Following a link from Jeremy Gregg, at Raiser's Raiser, I have been looking at PlannedGiving.com, Planngiving.com/pg, and VirtualGiving.com, produced by the same experienced team of planned giving professionals. In a way, they offer all you need to get into planned giving as a nonprofit in a big way, including a gift acceptance manual, marketing support, and your own website, equipped with helpful information and calculators. They work with places like Yale, Penn, Oxford, Red Cross, World Vision, and many more. Yet, I came away more depressed than impressed. The tone struck me as a sales shtick, even the tone of direct sales, as in junk in your mailbox. What we have here is what we in financial services call "package selling," or "transactional selling," or rudimentary needs selling. We begin from the assumption that a planned gift is right for the donors we have targeted, that we are the right recipient, and then surround or bombard or solicit the potential donor with the means to the end of freeing up a gift in one of several forms: bequest, gift annuity, charitable remainder trust, and so on. What is depressing is that nothing on these state of the art sites that I could see speaks of the donor's own life, goals, dreams, aspirations. Nothing acknowledges that the donor gives to many organizations, and pursues many motives in setting up a living and death time plan. No mention that I could see of advisors. Rather, sadly, this stuff is all "pitch and put." You pitch and then answer objections or pivot to another sales opportunity. Yes, this work in life insurance sales, in mutual fund sales, in the sale or placement of planned gifts, but it is the process used by the masses of salespeople, not the really successful ones. No matter how long you have done it, no matter how many degrees you have, no matter how much money you extract, this kind of selling is a net drain on the life energy of all concerned. It is wearisome. It leads to burnout . It is a form of emotional labor that leaves the product pusher feeling flat and sometimes despairing.

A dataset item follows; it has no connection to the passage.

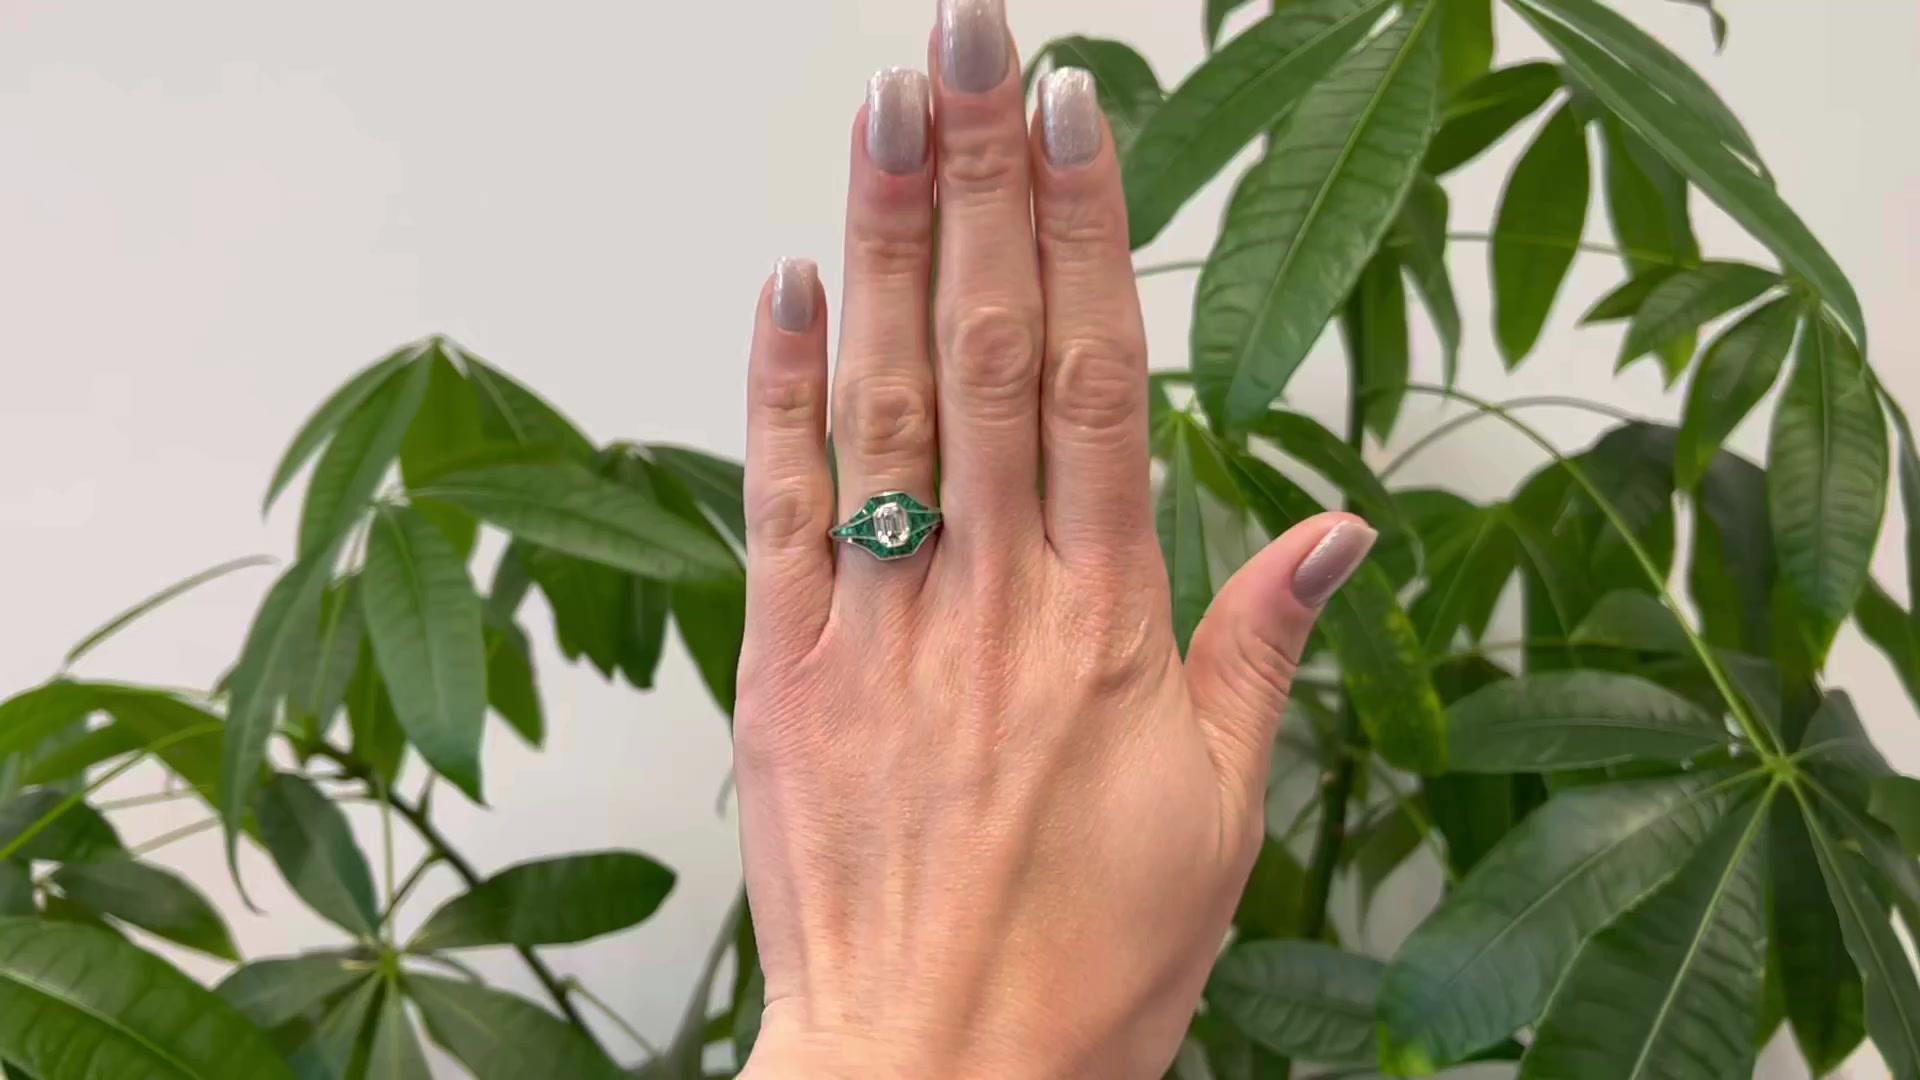 One Art Deco Inspired 1.04 Carat Emerald Cut Diamond and Emerald Platinum Ring. Featuring one emerald cut diamond weighing 1.04 carats, graded F color, VVS2 clarity. Crafted in 26 calibré cut emeralds with a total weight of approximately 0.80 carat.

In financial services at the high end of the market we know it is all about the client. That means connecting with clients in a meaningful way, and letting go of one's own agenda long enough to establish a bond based on trust, mutual understanding, and shared passions. What you need to be an expert in is not the arcana of tools, techniques and tactics (this knowledge is taken for granted), but in the needs, wants, hopes, dreams, and current situation of your donor-friends. You need to position yourself as a donor advocate and see if you can make your way onto the donor's team of advisors. It is around the table with the advisor that the larger deals are done. If you play "pitch and put" you are going to be shut out. If advisors treat you as an adversary and kill your deals, it is because you are an unwitting menace. "Prescription before diagnosis is malpractice." You can't prescribe a planned gift without knowing the client's balance sheet, income statement, goals, and current legal structures. You can only pitch them and hope no one intervenes in time.
By way of alternative, check out Tracy Gary's Inspired Philanthropy, and the resources, particularly the Appendices, to see how much more uplifting it is to start with the donor as a human being, rather than a wallet. (OK, I am biased, I wrote those Appendices.) Another good book on the subject is Collier's, Wealth in Families. We will all feel better about our work, and do better for our organizations, whether we are advisors or fundraisers when we graduate from working in our silos to working as a team with the good of the donor and the donor's family and the donor's goals and ideals high on our agendas.
Tip: If you are not "an expert," but find yourself in the planned giving role, full or part time, what might you do to get on the advisory team? Consider the possibility that you might be the advocate for the donor's ideals. That role is open. Few teams have that. You discover the donor's ideals because you listen. Few do. Those ideals lead back to your organization, and to your own personal choices in life. They are the common bond.